The molecular hydrogen column density (NH2) map was reconstructed at the higher spatial resolution of the SPIRE 250 μm map (0.017 pc; Fig. 2) according to the multi-scale decomposition prescription described in Palmeirim et al. (2013). The emission observed from 160 to 500 μm was assumed to arise from optically thin thermal radiation from a population of cold dust grains and was approximated by a single-temperature modified blackbody. This scheme also produces a robust dust temperature map at the 36.3′′ resolution of the SPIRE 500 μm data. The average dust temperature above AV = 2 mag is 12.9 K.
For consistency with other star-forming regions presented by the HGBS, we adopted the same dust opacity law here (κλ = 0.1(λ/ 300 μm)− β cm2 g-1, assuming a gas-to-dust ratio of 100) as in, e.g., Alves de Oliveira et al. (2014; see Roy et al. 2014 for a discussion on uncertainties). We adopted a mean molecular weight per H2 molecule, μH2 = 2.8, for the H2 surface density map. Both the H2 column density and dust temperature maps are shown in the appendix (Fig.
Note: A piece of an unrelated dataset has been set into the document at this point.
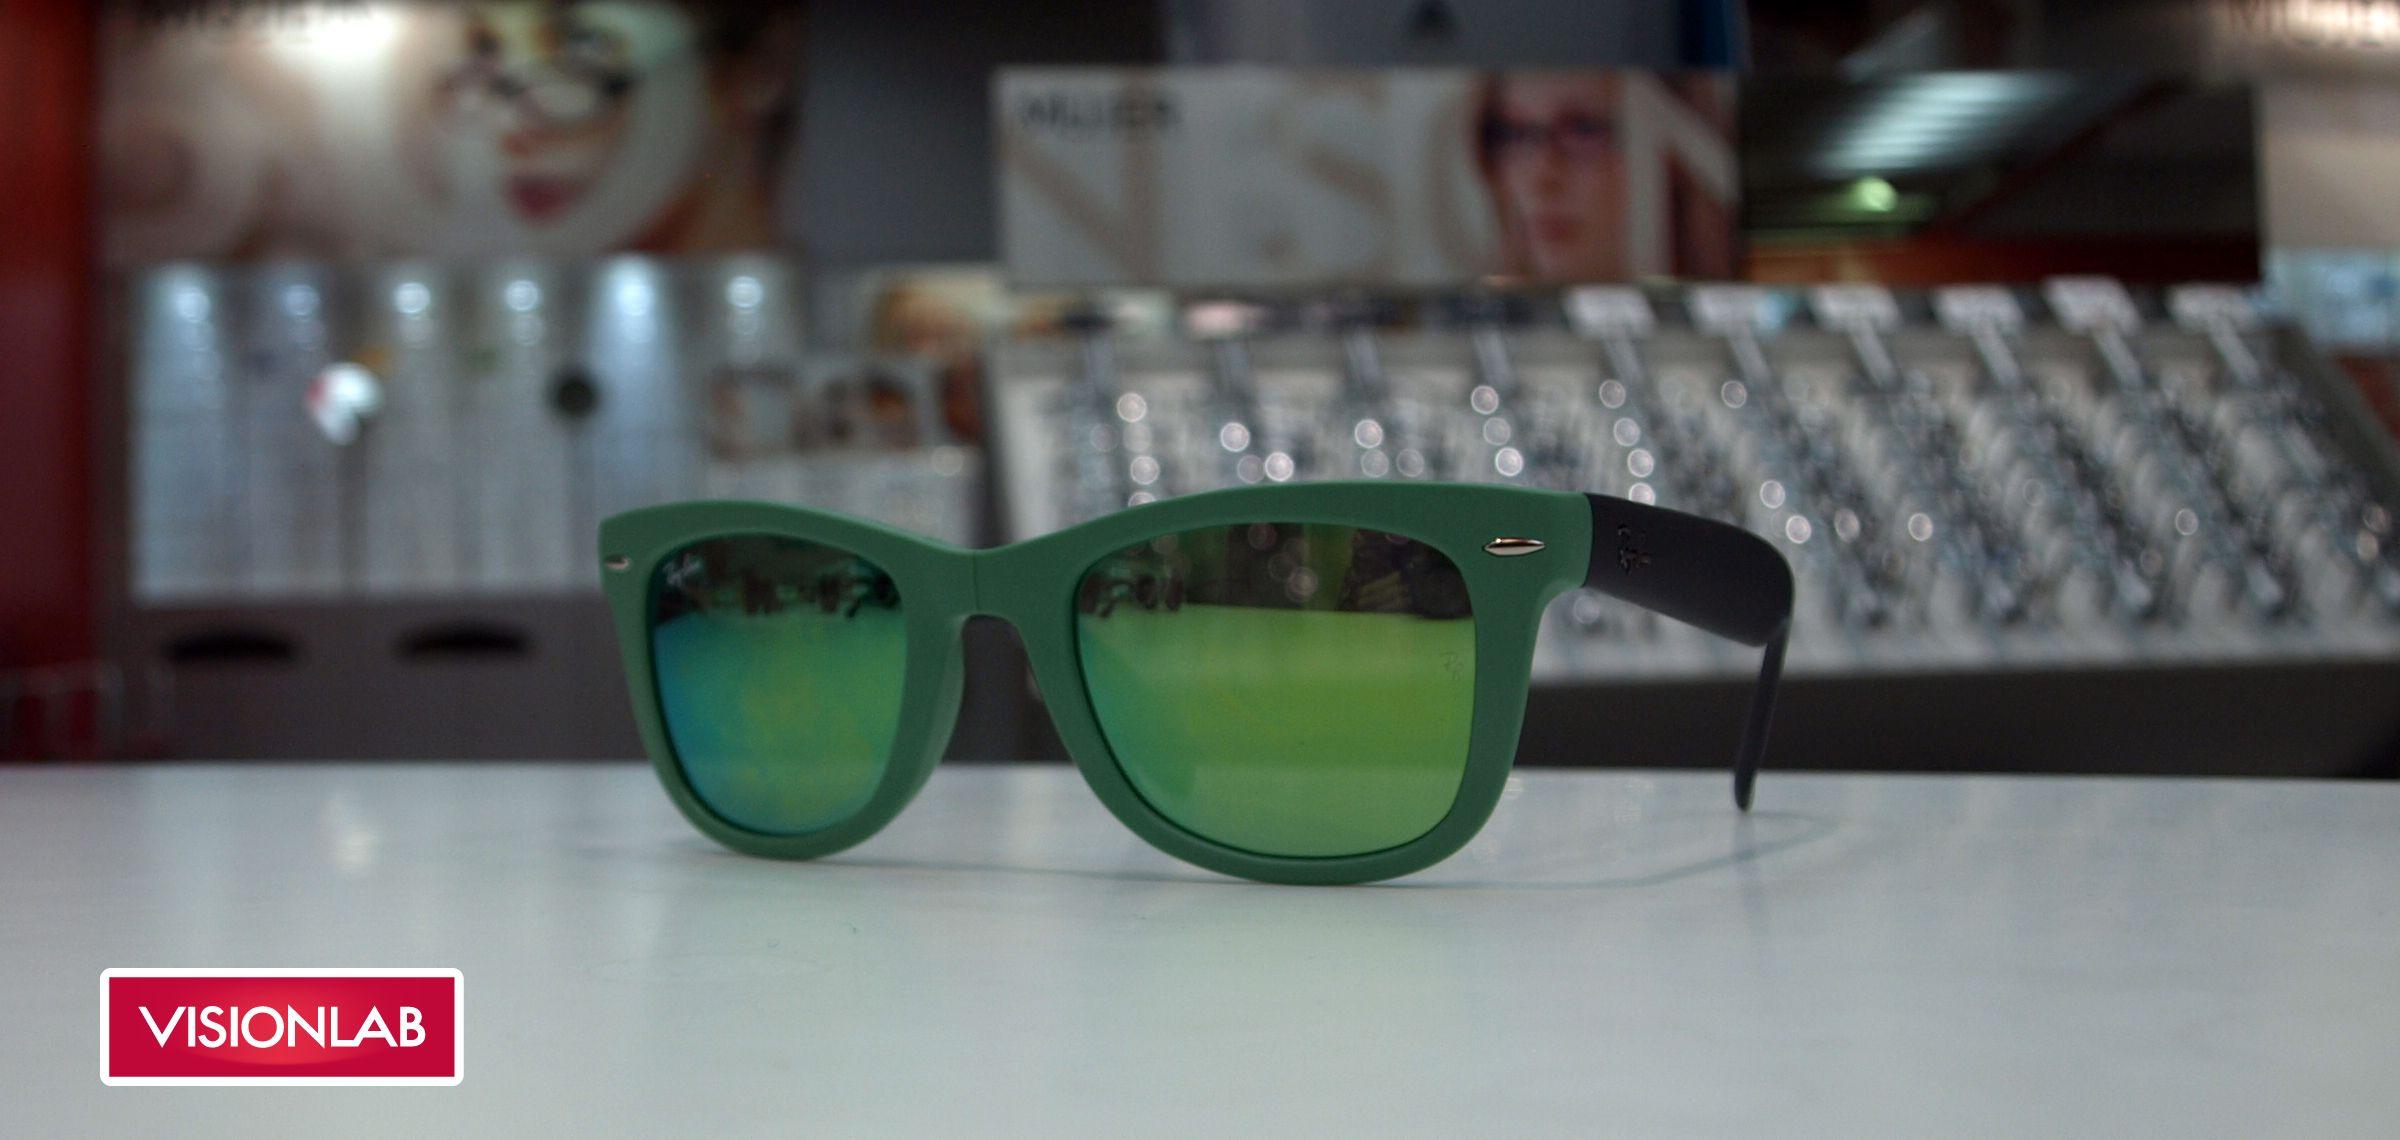 2cb02d1bb8 Gafas RayBan espejadas y plegables verdes http://www.visionlab.es/

A.1).
Integrating the NH2 map within the AV = 2 mag contour gives a total mass of 305 M⊙. This is similar to the total mass of 324 M⊙ computed directly from the visual extinction map of the Chamaelon-Musca region shown in Schneider et al. (2011) – using the canonical conversion factor between AV and N(H2) (Bohlin et al. 1978) – as well as using the relation between total mass and AV given by Cambrésy (1999; corrected for the distance adopted here).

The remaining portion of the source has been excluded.